The current treatment methods for chronic pelvic pain include medication (herbal and western medicine treatment), psychotherapy, surgery and physical therapy, etc.
I. Drug treatment
1.Analgesic drugs
They are commonly used by patients with chronic pelvic pain, and their application should follow the principle of general pain treatment, both stepwise medication. Analgesic drugs mainly include non-steroidal anti-inflammatory drugs (including COX-2 inhibitors) and opioids, etc.
2.Anxiolytic drugs
For patients with chronic pelvic pain who have depression, they should be treated with antidepressants, commonly used are tricyclic antidepressants (such as amitriptyline and doxepin) and selective 5-hydroxytryptamine reuptake inhibitors (SSRIs, such as sertraline).
3.Trigger point local injection of anesthetics
The relationship between muscle and fascia trigger points and slow pelvic pain has been recognized. Studies have shown that local injection of anesthetics at trigger points in the abdominal wall, vagina, and sacrum can relieve 68% of chronic pelvic pain.
4., Combination of oral contraceptives
Oral contraceptives can significantly improve dysmenorrhea. The mechanisms may be: inhibition of ovulation, inhibition of involuntary uterine contractions, stabilization of estrogen and progesterone levels, and increase in prostaglandin levels, thus reducing pain associated with menstruation and relieving related symptoms. These mechanisms may be involved in the process of oral contraceptives for other gynecological pain at the same time.
5. Hypothalamic gonadotropin-releasing hormone analog (GnRHa)

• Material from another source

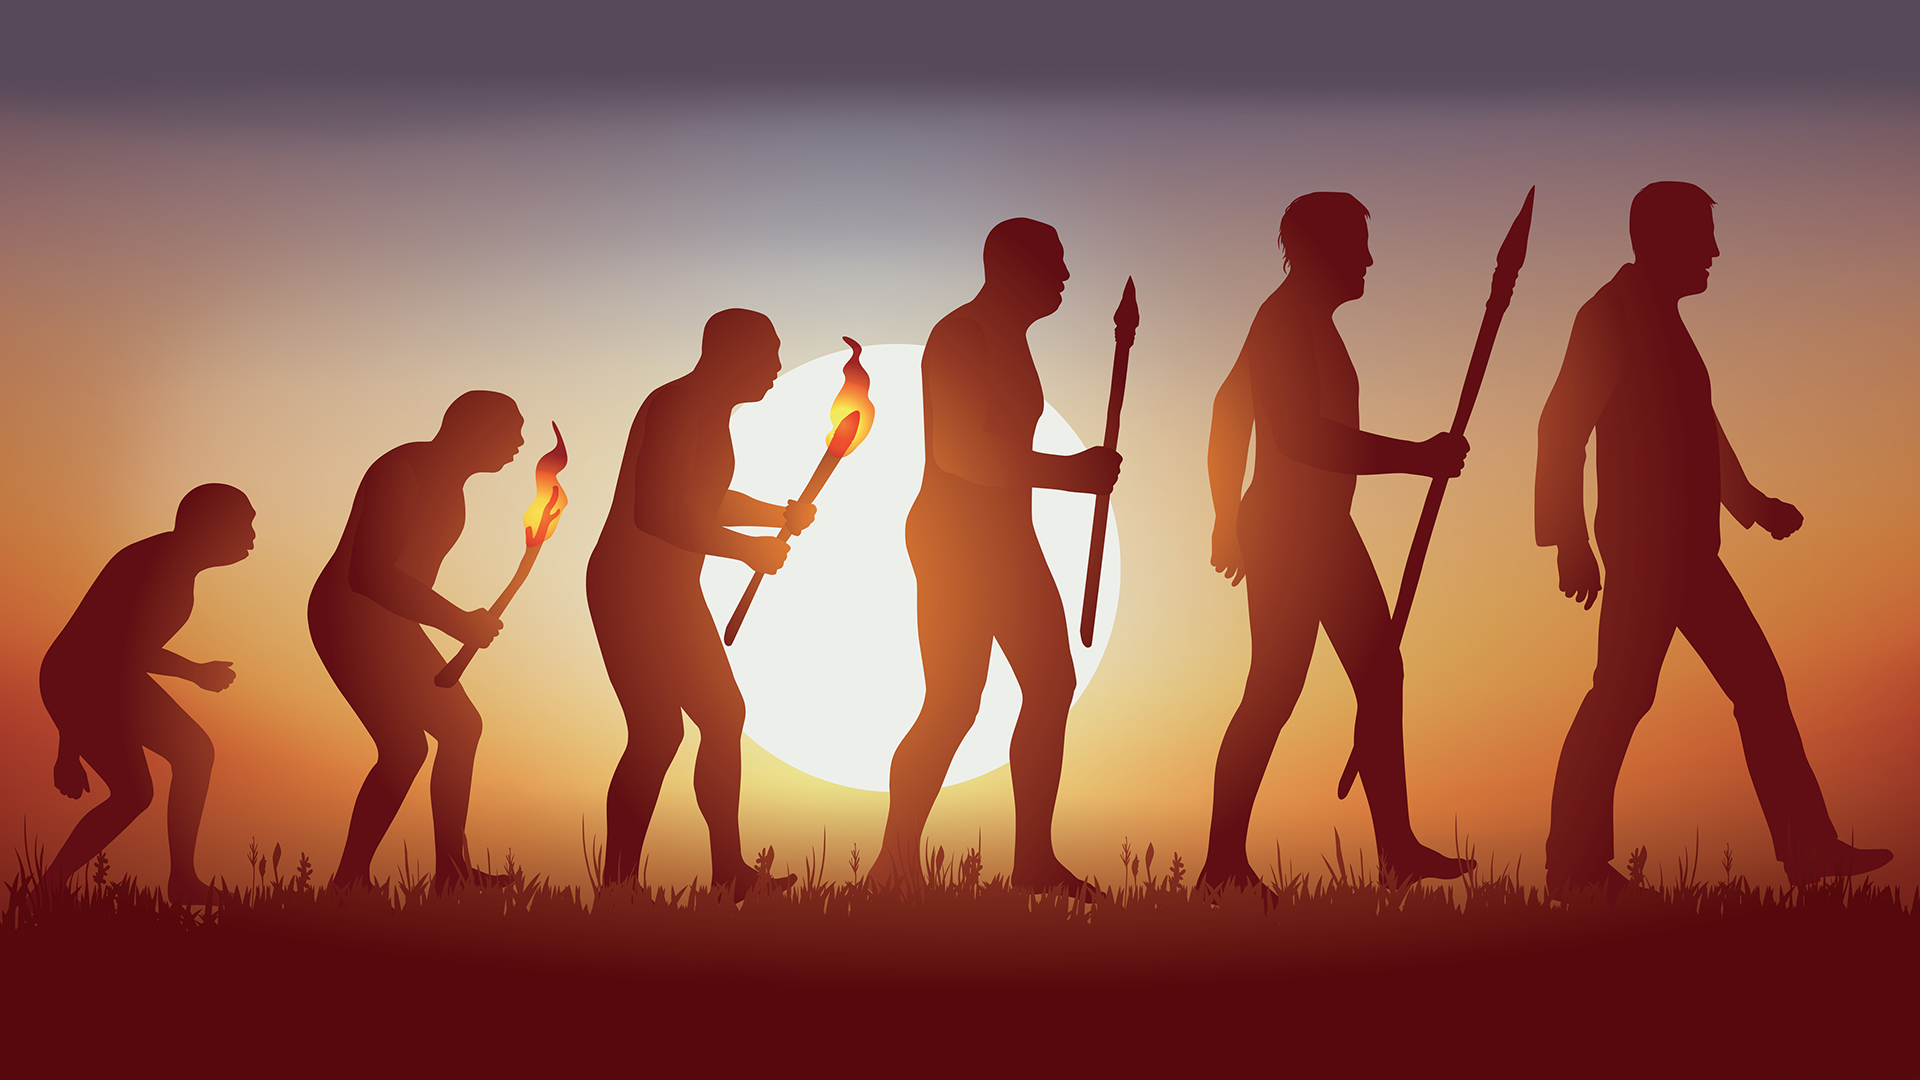 Abstract Background Of The Evolution Of Man Royalty Free SVG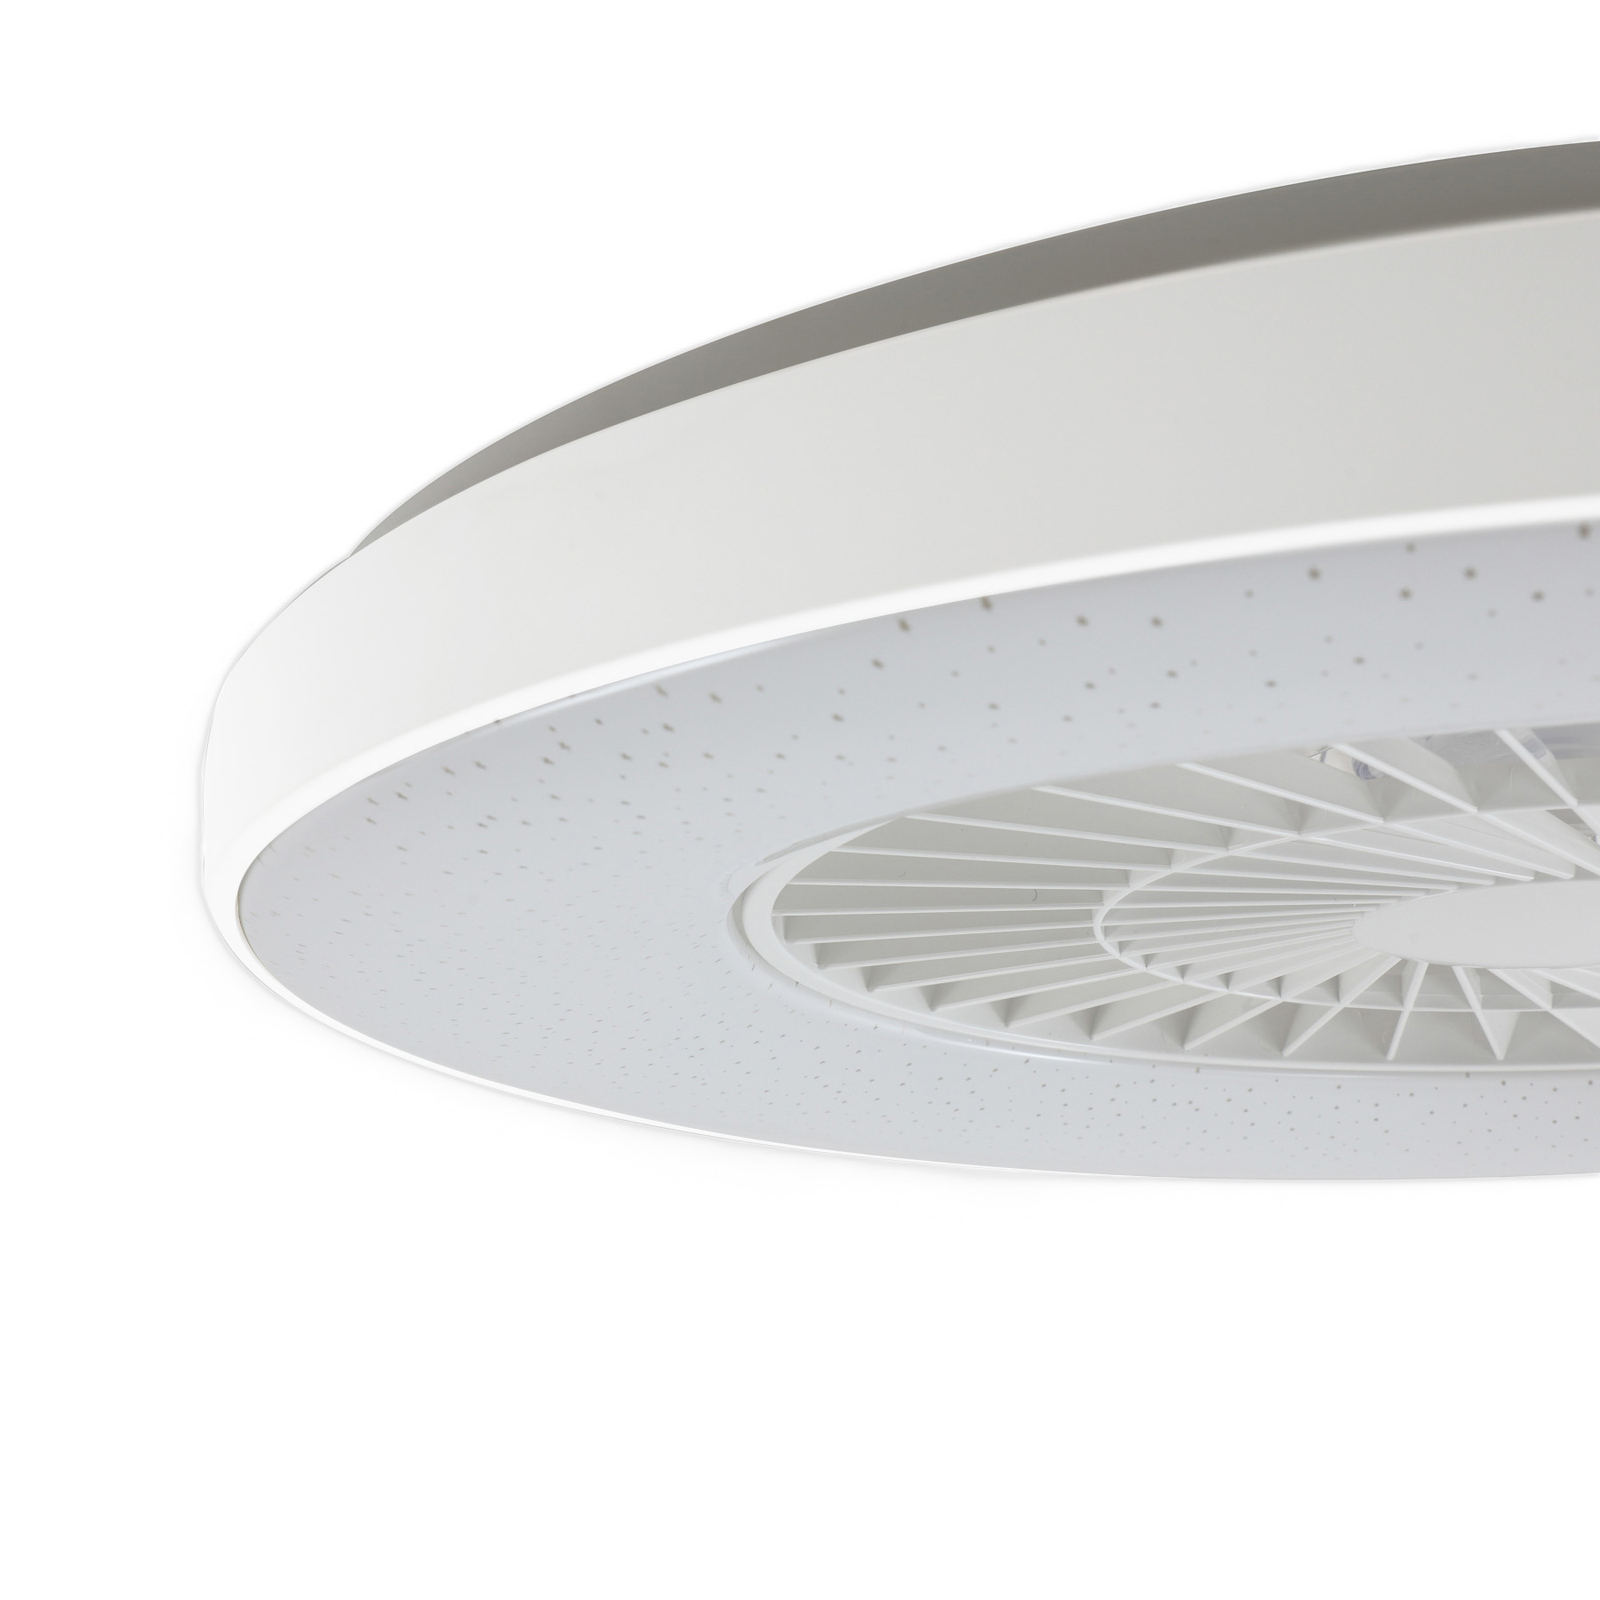 Lindby Smart LED ceiling fan Paavo, white, quiet, Tuya

Many clinical trials have demonstrated that GnRHa is comparable to danazol in relieving pelvic pain associated with EMs. However, one study showed good pain relief with GnRHa in patients suspected of having EMs, regardless of whether these patients in fact had EMs or not. Although GnRHa is generally considered by obstetricians and gynecologists to be particularly effective in the treatment of pain associated with EMs, it is actually equally effective in chronic pelvic stasis syndrome, interstitial cystitis, and irritable bowel syndrome.
6. Progesterone
Clinical trials have demonstrated the effectiveness of progesterone in the treatment of chronic pelvic pain associated with EMs and pelvic stasis syndrome. Long-acting medroxyprogesterone acetate, 30-100mg/day, can significantly relieve the associated pain, as can progesterone and ethinylestradiol for EMs and pelvic stasis syndrome.
7. Others
Anticonvulsants such as lamotrigine, carbamazepine and myorelaxants are also effective in chronic pelvic pain. Combination of drugs can be chosen for treatment, such as the combination of myorelaxants and non-steroidal anti-inflammatory drugs for better effect.
Second, surgical treatment
At present, it is generally believed that laparoscopic exploration should be preferred for patients with chronic pelvic pain, and the corresponding treatment should be carried out at the same time of diagnosis, so as to achieve the best diagnosis and treatment effect with minimum trauma. The mode of surgery and the scope of surgery depend on the patient’s age, etiology, symptoms, signs and whether there are fertility requirements.
III. Psychological treatment
Psychological factors play an important role in the development of chronic pelvic pain, and some patients with chronic pelvic pain have neuropsychiatric factors. Therefore, it has been suggested that neuropsychiatric evaluation and consultation should be the routine treatment for chronic pelvic pain. Treatments such as cognitive therapy and behavioral changes are helpful for patients with chronic pelvic pain. A follow-up study of patients with chronic pelvic pain caused by pelvic stasis syndrome found that psychotherapy, as an adjunct to treatment, could increase patients’ confidence and enhance the effectiveness of medication. For patients with long medical history, depression or anxiety, gynecologists should be patient and meticulous in the treatment process, with a sincere attitude and sympathy for the patients, and patiently answer their questions. If necessary, psychologists should be asked to assist in the diagnosis and treatment.
In conclusion, the cause of chronic pelvic pain is complex and not easy to diagnose, and sometimes no clear cause can be found even after laparoscopic examination. The degree of pain in patients does not necessarily correspond to the degree of lesion, and psychological factors play an important role in the pathogenesis of the disease, and patients are mostly accompanied by neuropsychiatric symptoms such as depression, paranoia, and anxiety. Therefore, the diagnosis and treatment of chronic pelvic pain are complicated, and there is no mature diagnosis and treatment experience, and many problems remain to be solved, requiring multidisciplinary departments such as obstetrics and gynecology, gastroenterology, urology, sports medicine, and psychoneurology, rehabilitation physiotherapy and pain medicine to jointly study the condition, make a diagnosis and develop a treatment plan.